An attacker can create numerous simultaneously processed flows, bypassing the settings_max_concurrent_streams limit, and dropping each stream at the initial stage. This reset allows the client to send a continuous flow of requests without waiting for a response from the server, utilizing the full capacity of the communication channel.
By attacking with minimal overhead costs, the client can overwhelm the server with incoming requests while bypassing delays between request and response. This can lead to the server continuing to spend resources on processing these requests, even though they are being dropped at the initial stage.

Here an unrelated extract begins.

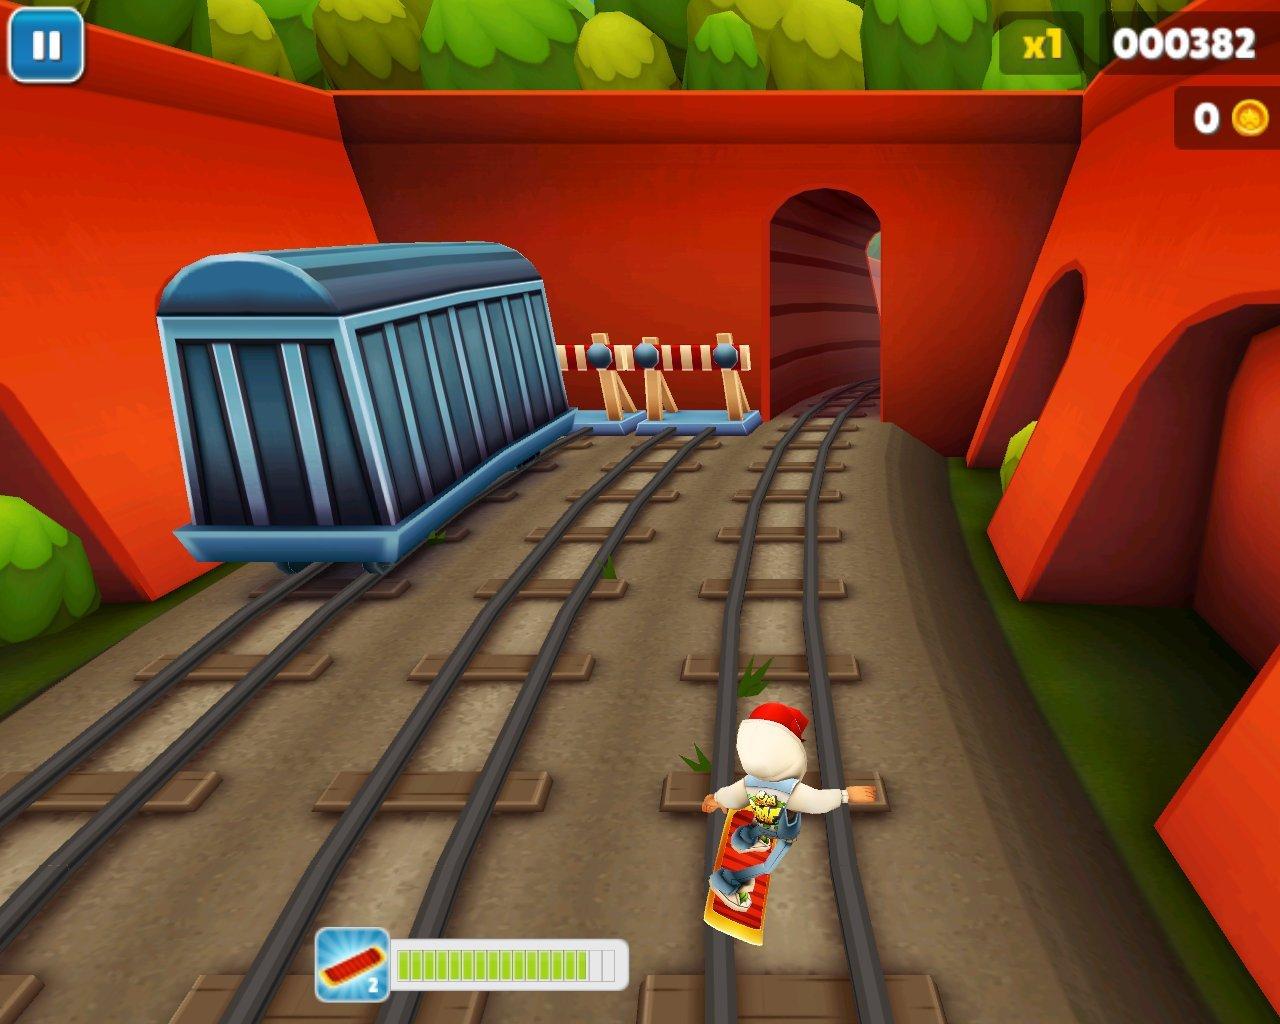 Где скачать и как установить игру subway surfers на пк компьютер.

This vulnerability is similar to a previously known issue called Rapid Reset (CVE-2023-44487) and is caused by discrepancies between the logic of flows in the HTTP/2 protocol specification and its implementations in various servers. The key difference in this new attack is that the server takes the initiative in processing requests, rather than utilizing the Rst_stream flag sent by the client.
The server starts processing a request when incorrect requests are received, but it discards them immediately without full processing. Attackers can exploit this by sending a correct HTTP request followed by an incorrect sequence of HTTP/2 control frames, causing the server to initiate processing and then discard the request.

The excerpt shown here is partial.